Now $J^2 - \lambda^2 I = (J + \lambda I)(J - \lambda I)$ $= (J - \lambda I)^2$, since $F$ has characteristic 2. Note that $J-\lambda I$ has order $n$, since (evidently) we have $(J - \lambda I)e_{i+1} = e_i$ and $(J - \lambda I)e_1 = 0$. So $J-\lambda I$ has order $n$. If $n$ is even, then $(J^2 - \lambda^2 I)^{n/2} = 0$ while $(J^2 - \lambda^2 I)^{n/2-1} \neq 0$, and if $n$ is odd, then $(J^2-\lambda^2 I)^{(n+1)/2} = 0$ while $(J^2 - \lambda^2 I)^{(n+1)/2-1} \neq 0$. So the minimal polynomial of $J^2$ is $(x-\lambda^2)^{n/2}$ if $n$ is even and $(x-\lambda^2)^{(n+1)/2}$ if $n$ is odd.

So the Jordan canonical form of $J^2$ has two Jordan blocks with eigenvalue $\lambda^2$. If $n$ is even, these have size $n/2,n/2$, and if $n$ is odd, they have size $(n+1)/2, (n-1)/2$.

Now let $A$ be an arbitrary $n \times n$ matrix over $F$ (with eigenvalues in $F$). We claim that $A$ is a square if and only if the following hold.

1. The eigenvalues of $A$ are square in $F$
2. For each eigenvalue $\lambda$ of $A$, the Jordan blocks with eigenvalue $\lambda$ can be paired up so that the sizes of the blocks in each pair differ by 0 or 1.
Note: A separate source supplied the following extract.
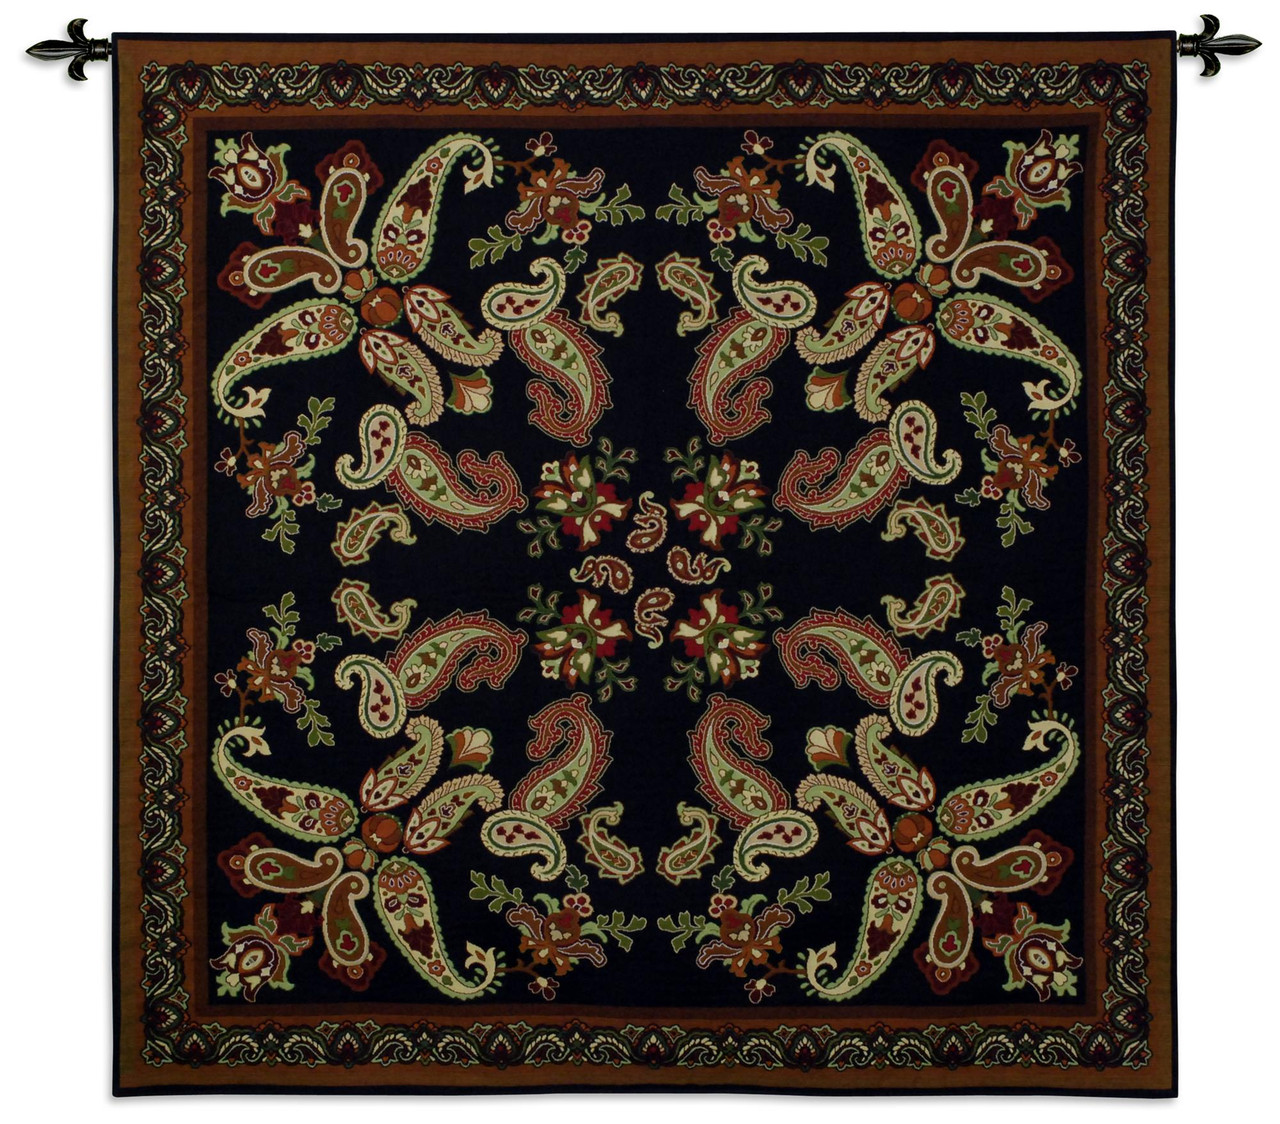 Paisley Dark Woven Tapestry Wall Art Hanging Ornate Floral Persian  Inspired Design 100% Cotton USA Size 53x52

To see the ‘if’ part, suppose $P^{-1}AP = \bigoplus H_i \oplus K_i$ is in Jordan canonical form, where $H_i$ and $K_i$ are Jordan blocks having the same eigenvalue $\lambda_i$ and whose sizes differ by 0 or 1. By the first half of this exercise, $H_i \oplus K_i$ is the Jordan canonical form of $J_i^2$, where $J_i$ is a Jordan block with eigenvalue $\sqrt{\lambda_i}$. Now $A$ is similar to the direct sum of these $J_i^2$, and so $Q^{-1}AQ = J^2$. Then $A = (Q^{-1}JQ)^2 = B^2$ is square.

Conversely, suppose $A = B^2$ is square, and say $P^{-1}BP = J$ is in Jordan canonical form. So $P^{-1}AP = J^2$. Letting $J_i$ denote the Jordan blocks of $J$, we have $P^{-1}AP = \bigoplus J_i^2$. The Jordan canonical form of $J_i^2$ has two blocks with eigenvalue $\lambda_i^2$ and whose sizes differ by 0 or 1, by the first half of this exercise. So the Jordan blocks of $A$ all have eigenvalues which are square in $F$ and can be paired so that the sizes in each pair differ by 0 or 1.